Les levées de fonds ont été ternes selon les données d’Invest Europe, avec 120 milliards de dollars levés – soit moins 12 % par rapport à 2023 – incitant les fonds à se réinventer. (Photo d’illustration)
EXCLUSIF. Face à une croissance atone et une multiplication des faillites d’entreprises, les grands fonds d’investissement étrangers basés à Paris se recentrent sur Londres. – à l’image de Permira et Cinven.
Frémissements sur la place parisienne. L'année 2024 a été un mauvais millésime pour les grands fonds mondiaux, qui ont réduit à bas bruit leur voilure en France, selon les sources que La Tribune a collectées.
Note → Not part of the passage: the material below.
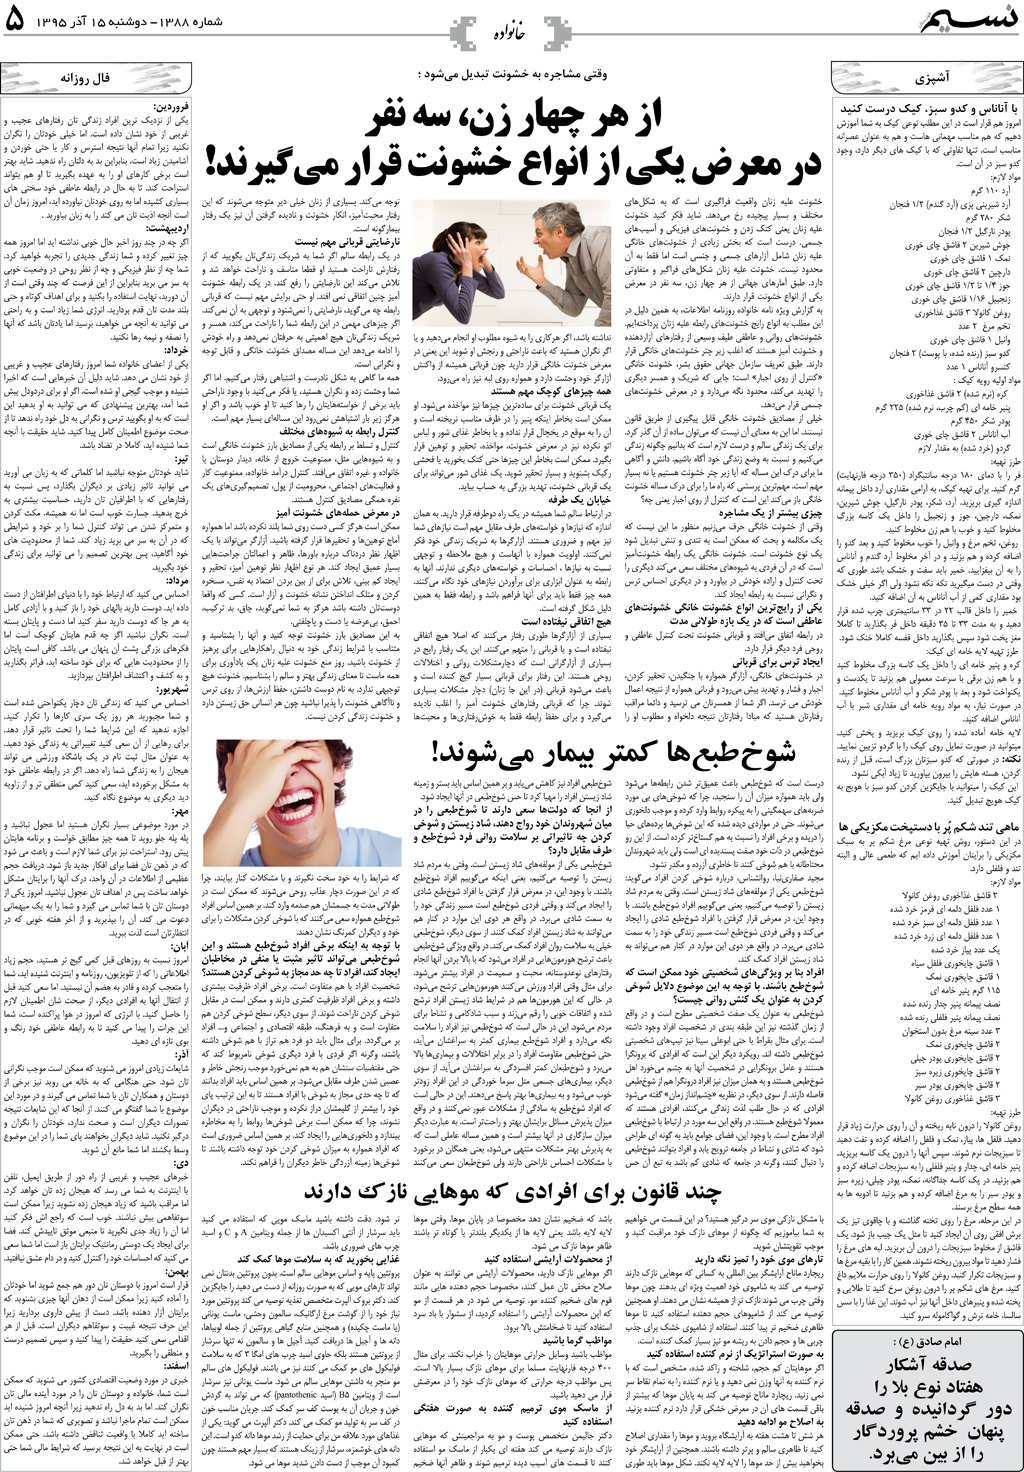 صفحه خانواده روزنامه نسیم شماره 1388

Le fonds britannique Permira -- 80 milliards d'euros d'actifs sous gestion en 2025 - a ainsi largement élagué sa petite équipe française. « Le fonds conserve son adresse postale rue de la Baume, à Paris, mais il n'y a plus personne, entre ceux qui sont appelés à chercher un nouveau poste et ceux qui sont redispatchés à Londres », analyse un expert du secteur.
Participations en difficulté
Autre cas de discrète réduction de voilure, le fonds Cinven s'est séparé de deux seniors dans un bureau d'une dizaine de personnes.
Quant au fonds suédois EQT, présent en France de longue date, il connaît des difficultés avec deux de ses participations, les laboratoires Cerba et les maisons de retraite Colisée. Les deux entités sont en pleine crise : Cerba est en train de restructurer sa dette car elle ne peut plus faire face à ses créanciers, tandis que Colisée envisage de le faire, lestée par une dette très importante dans un secteur malmené, qui a connu des restructurations en série. Signe de tension, la tête du bureau français en infrastructure a été écartée.
Plus d'opportunités de marché à Londres
Selon Le Financial Times, d'autres entreprises françaises détenues en partie par des fonds, comme le géant de l'immobilier Emeria - au sein de Partners Group -, ou l'opérateur des paiements Ingenico - chez l'américain Apollo -, risquent d'avoir besoin de restructurer leur dette.
D'autres fonds, s'ils ne quittent pas la France, déploient leurs ressources humaines vers des géographies plus prospères. « On demande aux investisseurs qui couvrent Paris de s'intéresser davantage à Londres, où il y a plus d'opportunités de marché », note une deuxième source, proche de fonds d'investissement.